↗ arXiv ↗ Hugging Face ↗ Papers with Code
TL;DR#
Current information retrieval systems often use a two-stage process: a fast retriever initially selects candidate documents, followed by a more accurate but computationally expensive reranker to refine the ranking. It is widely assumed that rerankers consistently enhance retrieval quality, especially when considering more documents. This paper investigates this assumption and found that the existing rerankers show diminishing returns when scoring progressively more documents and actually degrade quality beyond a certain limit. This is because rerankers often get distracted by documents with minimal lexical or semantic overlap with the query.
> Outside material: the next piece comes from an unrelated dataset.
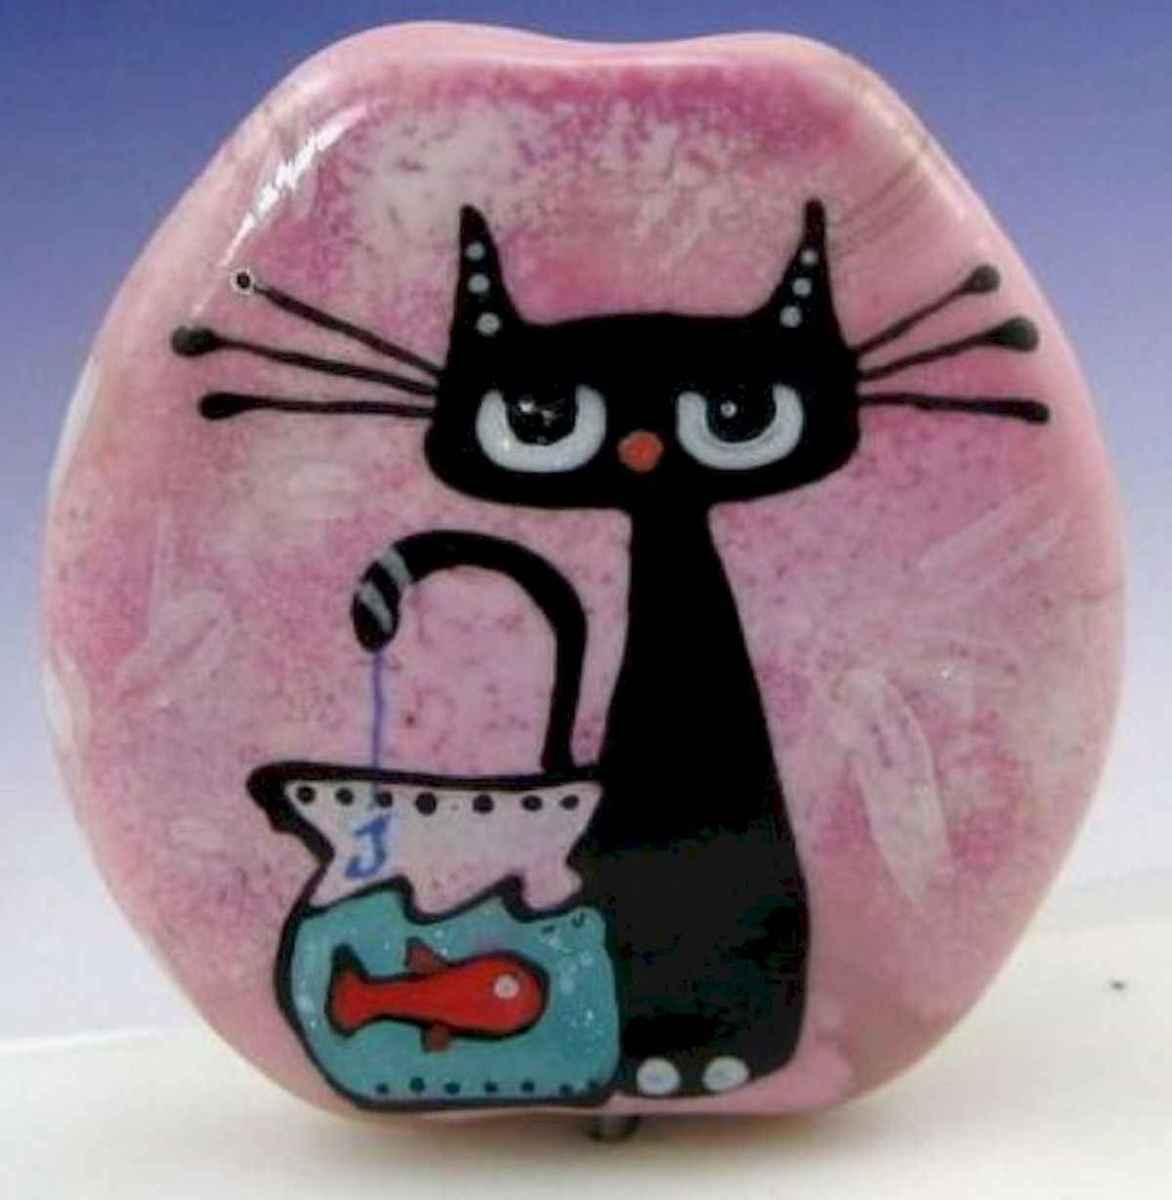 50 Inspiring DIY Painted Rocks Animals Cats for Summer Ideas (1)

To address this issue, the researchers conducted experiments on various academic and enterprise datasets using several state-of-the-art rerankers and tested them on a full retrieval setting where they ranked the whole document set. The results confirmed the diminishing returns of rerankers with a large number of documents, frequently resulting in a lower recall than retrievers. They further propose listwise reranking via large language models as a more robust approach. This research has significant implications for how we build and evaluate large-scale retrieval systems.
Key Takeaways#
Why does it matter?#
This paper is crucial because it challenges the common assumption that rerankers always improve information retrieval, especially when scaling. This impacts how we design and optimize large-scale retrieval systems, prompting research into more robust methods. The findings will influence future IR system development and evaluation practices.